Good luck with the job and job search, msbelle.
I'm helping a friend of my daughter try to find a new job by using my network. It still feels weird to think I have a network and I can use it for things like this.
Speaking of my daughter, I have entered a conspiracy with her. She managed to break the outside of one of the side-view mirrors on her car and she asked me to keep it from my wife. I have a replacement on order, but I'm still not sure how I'm going to replace it without my wife noticing what I'm doing. Guess I could say I'm doing something else to the car. I don't like lying though.
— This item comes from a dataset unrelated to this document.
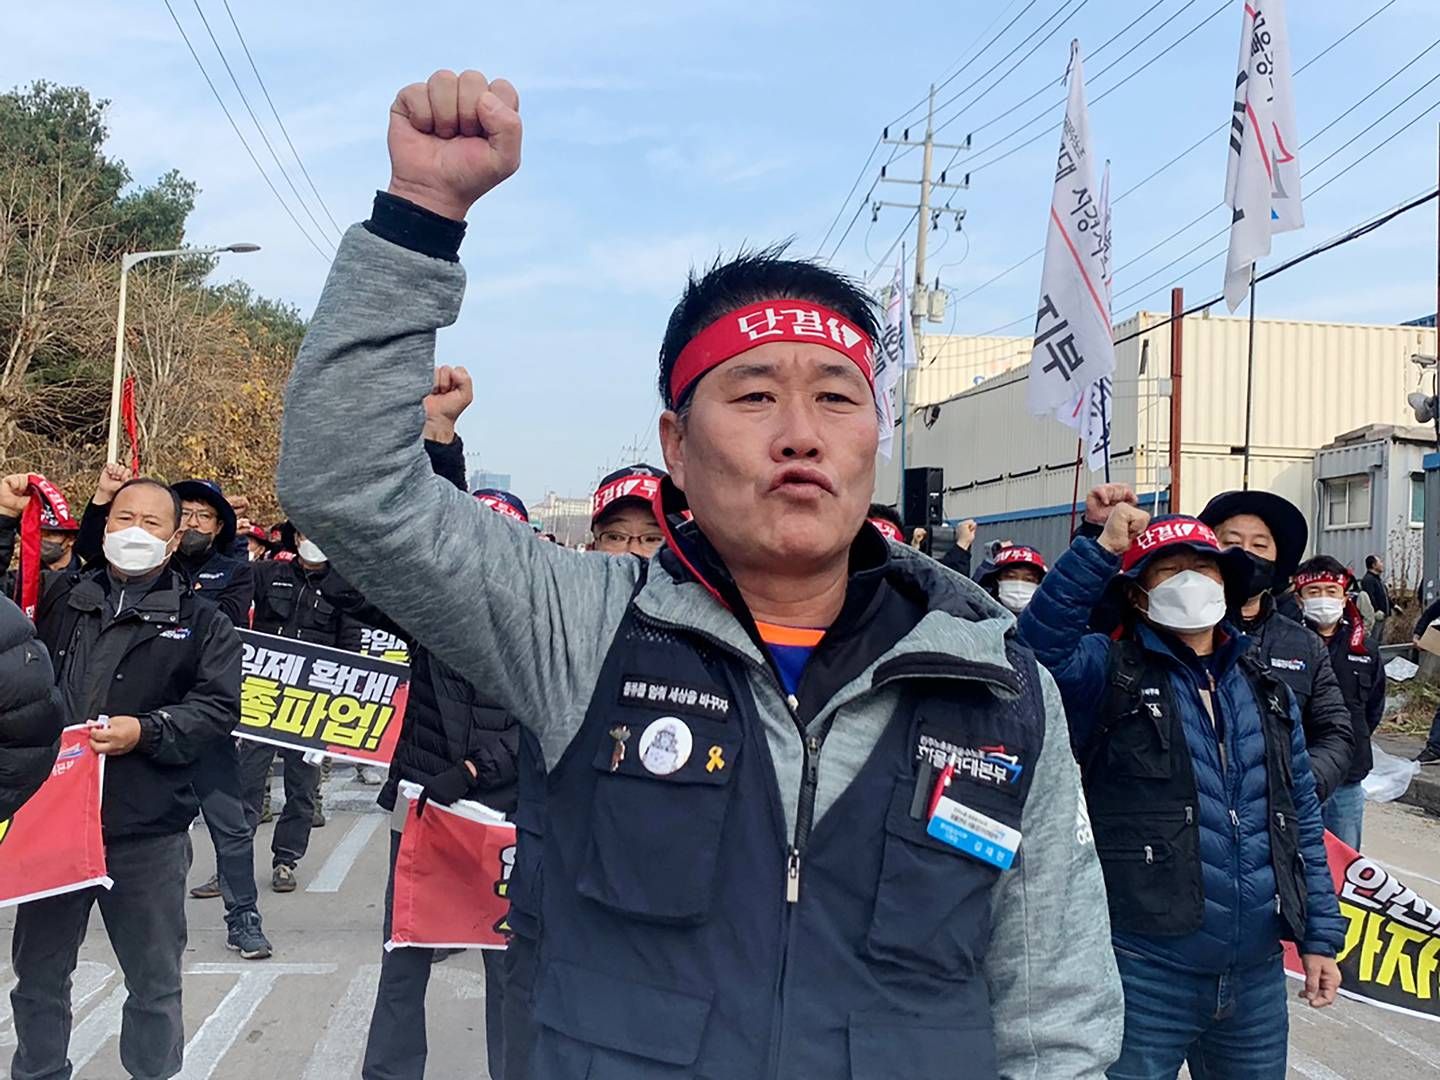 Labor union Cargo Truckers Solidarity Union estimates that around 11,000 of its members are participating in the latest strike. | Photo: Ju-Min Park/Reuters/Ritzau Scanpix

My mom has said she doesn't see herself ever dating anyone again. She was either married to or dating Dad for her entire adult life, which made for a very soulmate-y situation. I'm of the mind that if she does meet someone who makes her feel good, she should go for it, though I did look askance at the guy from her congregation who asked her out a few weeks after Dad's funeral. I'm not worried about having to call a new beau "Dad" in my fifites.
My mother is trying to date online! And it's kind of hilarious since she's having all of the experiences we have all had -- the guy who just says "Hello beautiful," the guy who wants to have extended email correspondence before meeting, etc.
The two-year anniversary of my father's death was yesterday.
I started dating DH 4 months after my husband died. The grief was still horrific, and will always be present the rest of my life, but Brendon's compassion and understanding of my random crying episodes was part of what made him appealing. I made the transition from 'never again will I set myself up for this kind of pain' to 'being a couple is kind of a natural state for me' fairly rapidly. My family, both on my late husband's side and mine expressed concern for me moving forward so quickly. Loving concern. In my mind he was just so clearly gone that staying alone didn't serve any purpose.
I don't like lying though.
Sometimes it's the less bad option.
But customs doesn't open for three more minutes so they can't let us off the plane yet.
Oh, that's pretty silly.
Babushka ended up dating and then marrying a guy she had known in Elementary school in China - the reconnected quite a while after my grandfather died. Their wedding was 15 years after, I don't remember how long they were dating before that but my dad was just so pleased at how giddy and happy his mother was ("like a teenager" he would say, which seems funny to me now remembering that he had two teenage daughters at the time and we were not giggly about our dates but she apparently was). My other grandmother never, as far as I know, dated after she was widowed, but I think that was more about her being really invested in her own independence than anything else. Which is where I find myself, pretty much.
tl:dr I'm sorry you are caught in the middle of that Consuela
Dad started dating about a year after mom died, and a year later his nail tech (he gets acrylics so he won't gnaw his nails down to stubs) said
"I need to introduce you to one of my other regulars".
That's how he met Patty, and they're still together and "living in sin", which makes me so happy.
Thanks, all. It's just stressful, and they're all very strong willed, so that's a problem.
I guess basically I think your nieces should get over it. Can you just stay out of it?
Timelies all!
Tired and stressed...in other words, life as usual.